Anything other than what is stated above is to be included in the data count. I will now begin collecting my data for my main investigations.
The two articles I will be comparing are from two different magazines, one a gossip magazine called ‘Reveal’ and the other a music magazine called ‘Kerrang!’. The first article from the ‘Reveal’ magazine has a main title of ‘I Beat Beyonce to No 1’ and has a total of 457 words, the second article from the ‘Kerrang!’ magazine is called ‘The Astonishing Rise Of Guitar Hero’ and has a total of 651 words. There is around a 200 word gap between the two articles, but because I am taking a percentage this shouldn’t make a difference in the final results. I am going to take 20% of the words from each article; this means I will be taking 91 words from the Reveal article and 130 words from the Kerrang! article. I will need to count every 5th word and count the number of letters in each word.

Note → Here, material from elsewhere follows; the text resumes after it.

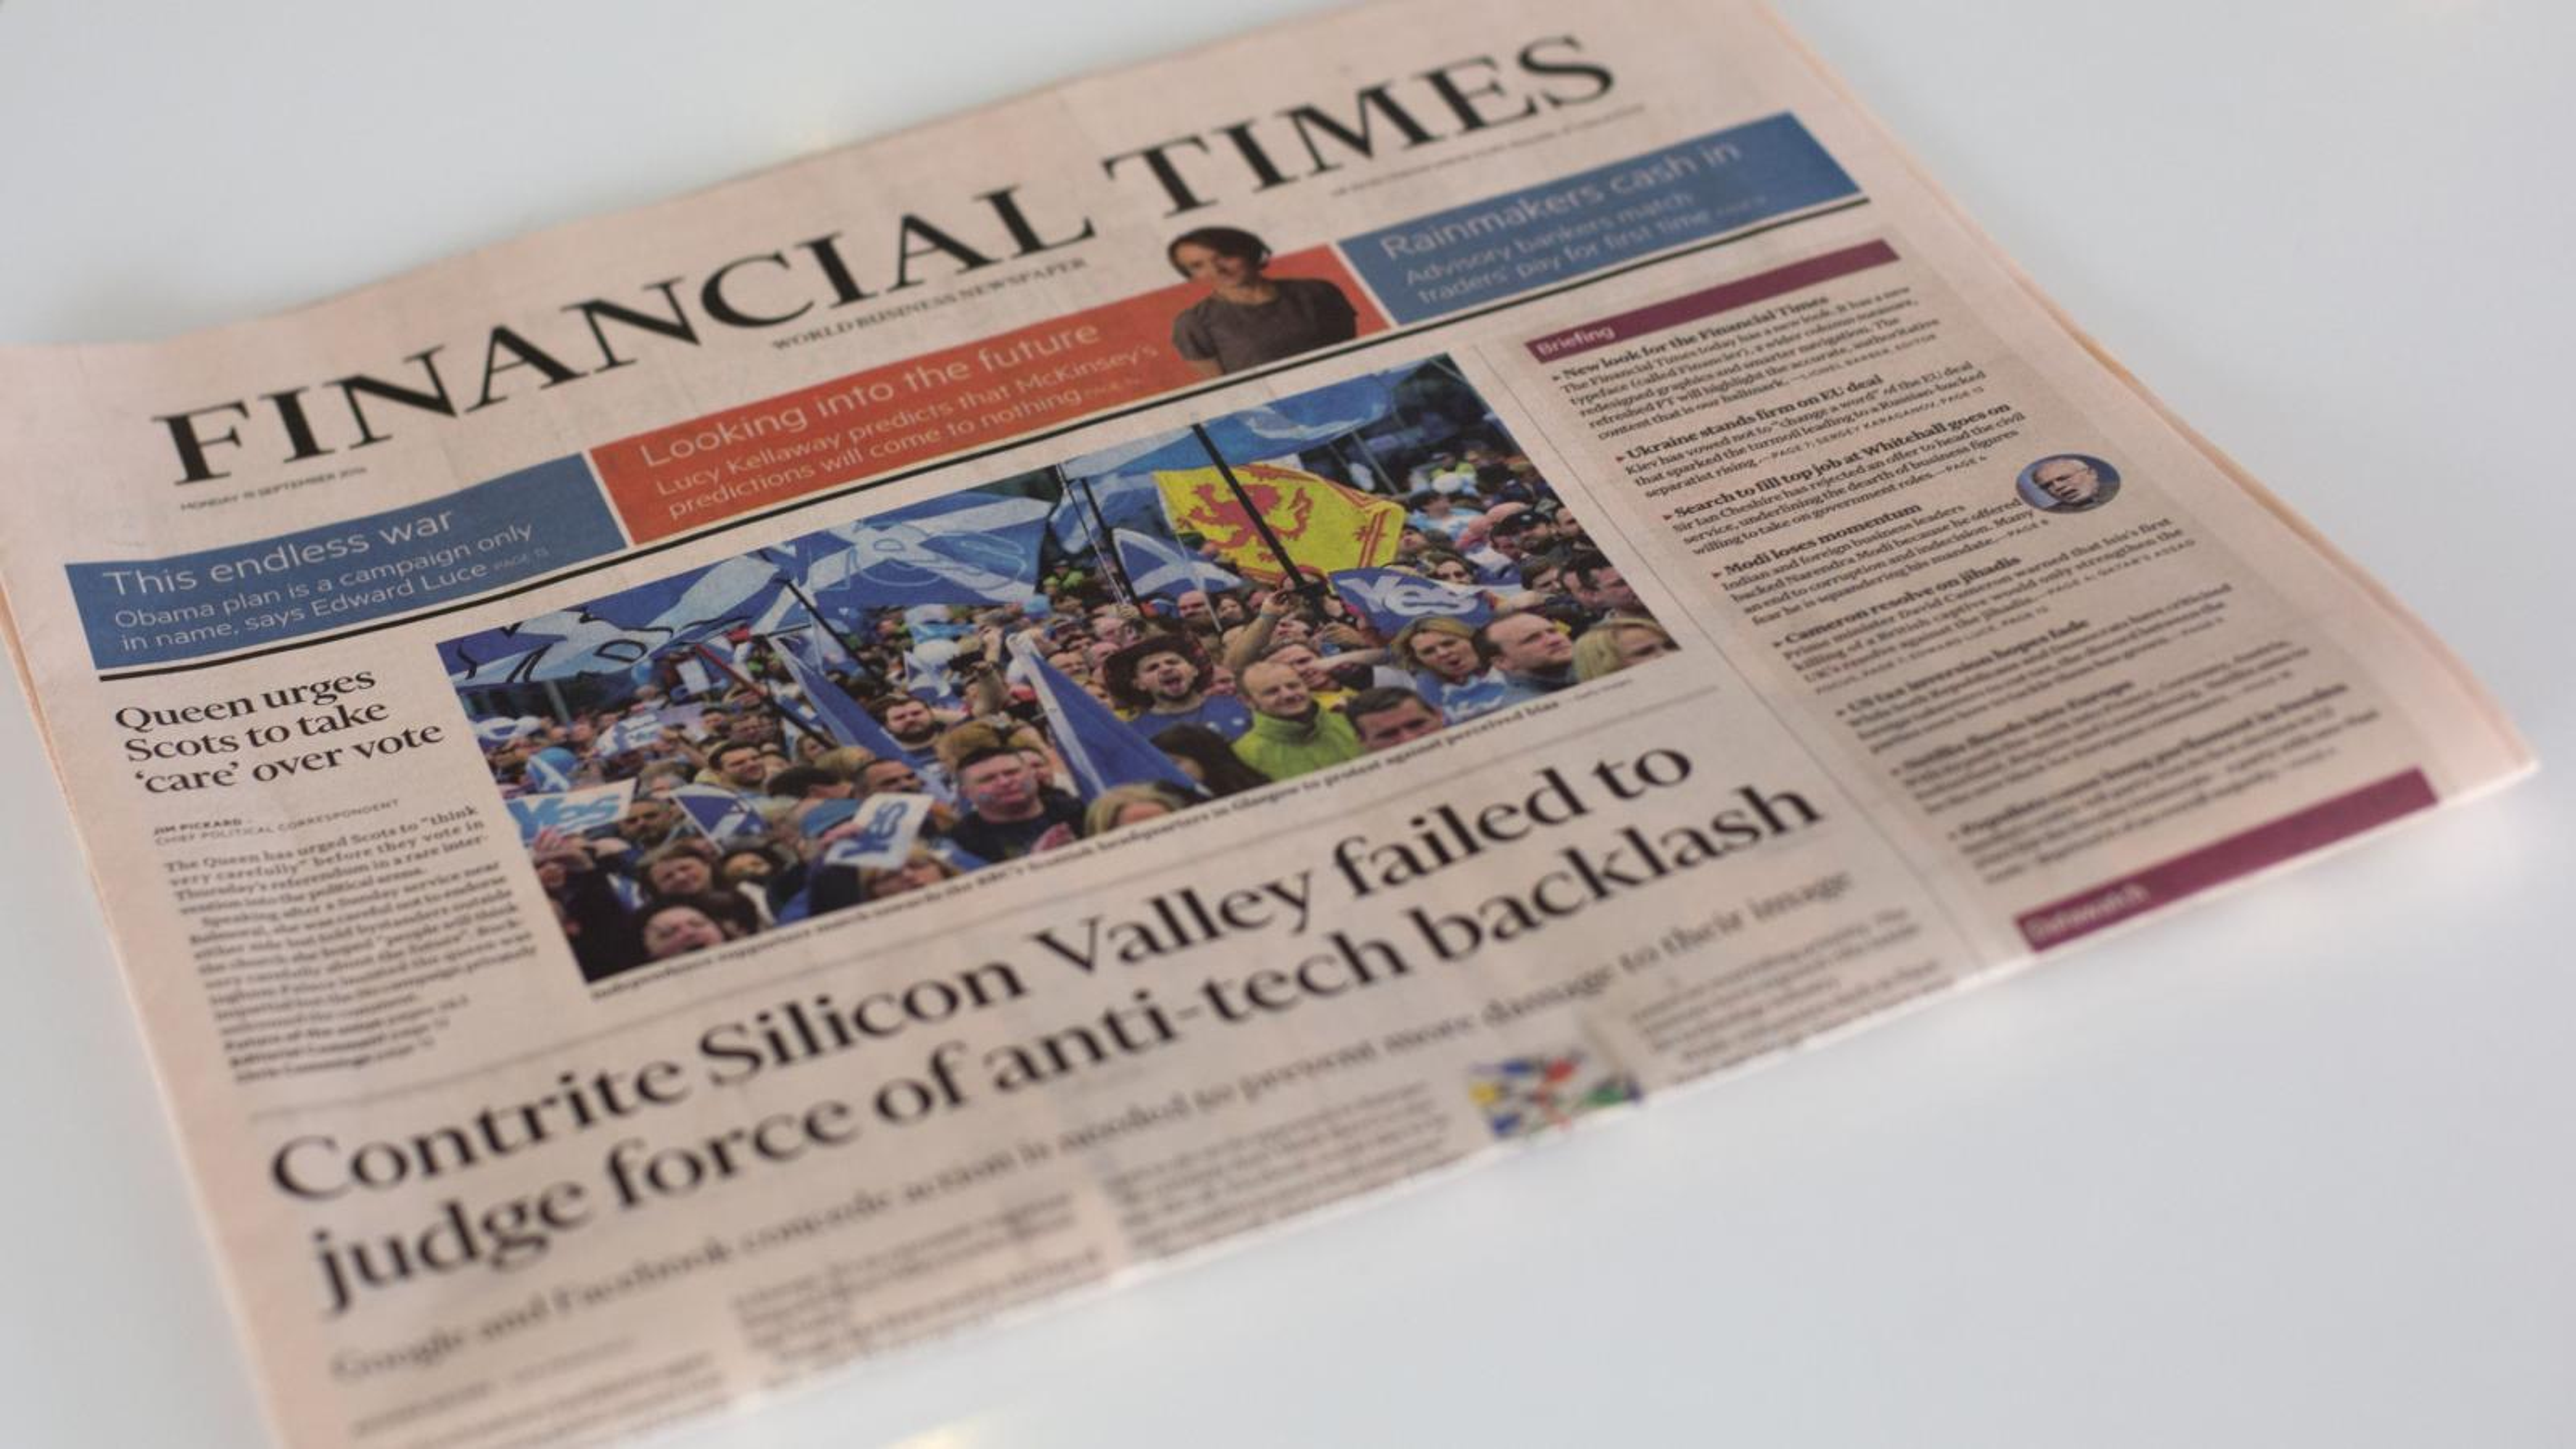 The Financial Times reboots print even as readers flock to digital — Quartz
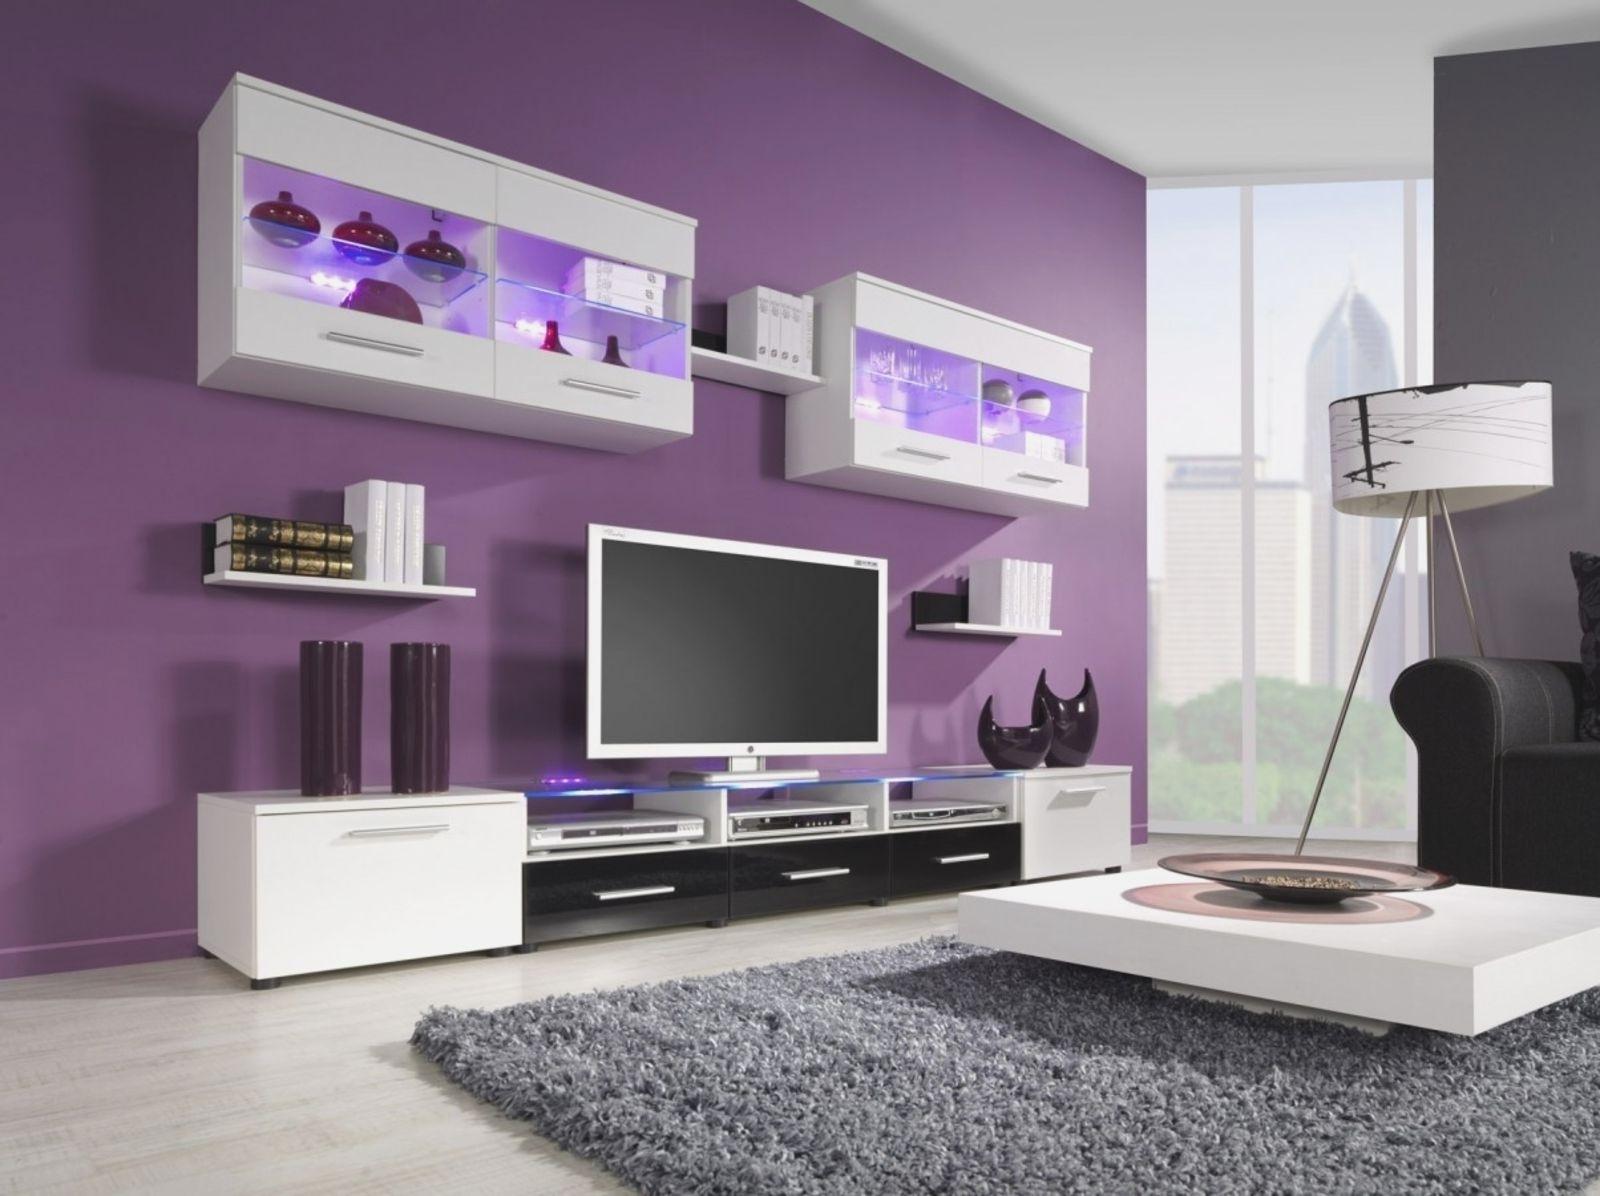 Gabungan warna ruang tamu ungu dan putih moden

Once I have collected the data I will record it in the frequency table below.
From this table I can now collect the mean, mode and median of the data which will hopefully show a difference in the average length of a word for each article.
To fine the mean of the data I need to take the sum of fx (∑fx) and divide it by the sum of f (∑f).
To find the mode for each article I need to find which of the number of letters has the highest frequency.
To find the median I will draw a cumulative frequency polygon; I will determine the median and Interquartile range of both sets of data.
Median:
To find the median from the cumulative frequency polygon I need to divide the total cumulative frequency from both articles by 2. To find the Interquartile range I will need to find the lower quartile, which is found by dividing the cumulative frequency total by 4, and the upper quartile is found by dividing the cumulative frequency total by 4 the multiplying it by 3. These calculations will now be plotted on the cumulative frequency polygon.
For the ‘Kerrang!’ article the median and Interquartile range are:
Median – 4.1
Interquartile Range = Upper Quartile – Lower Quartile = 6 – 2.7 = 3.3
For the ‘Reveal’ article the Median and Interquartile Range are:
Median – 3.6
Interquartile Range = Upper Quartile – Lower Quartile = 4.2 - 2.4 = 1.8
I have used the Interquartile Range rather than the range of the data, as the range is not as reliable, this is because it can be affected by very high and very low pieces of data whereas the Interquartile range is only the range between the first and third quartiles. This eliminates any outliers which may affect the data.
I will now put the average results into a table below.
The two articles have the same mode; however this does not represent the average properly as it does not use all of the data. The ‘Kerrang!’ article has a higher average of word length than the ‘Reveal’ article.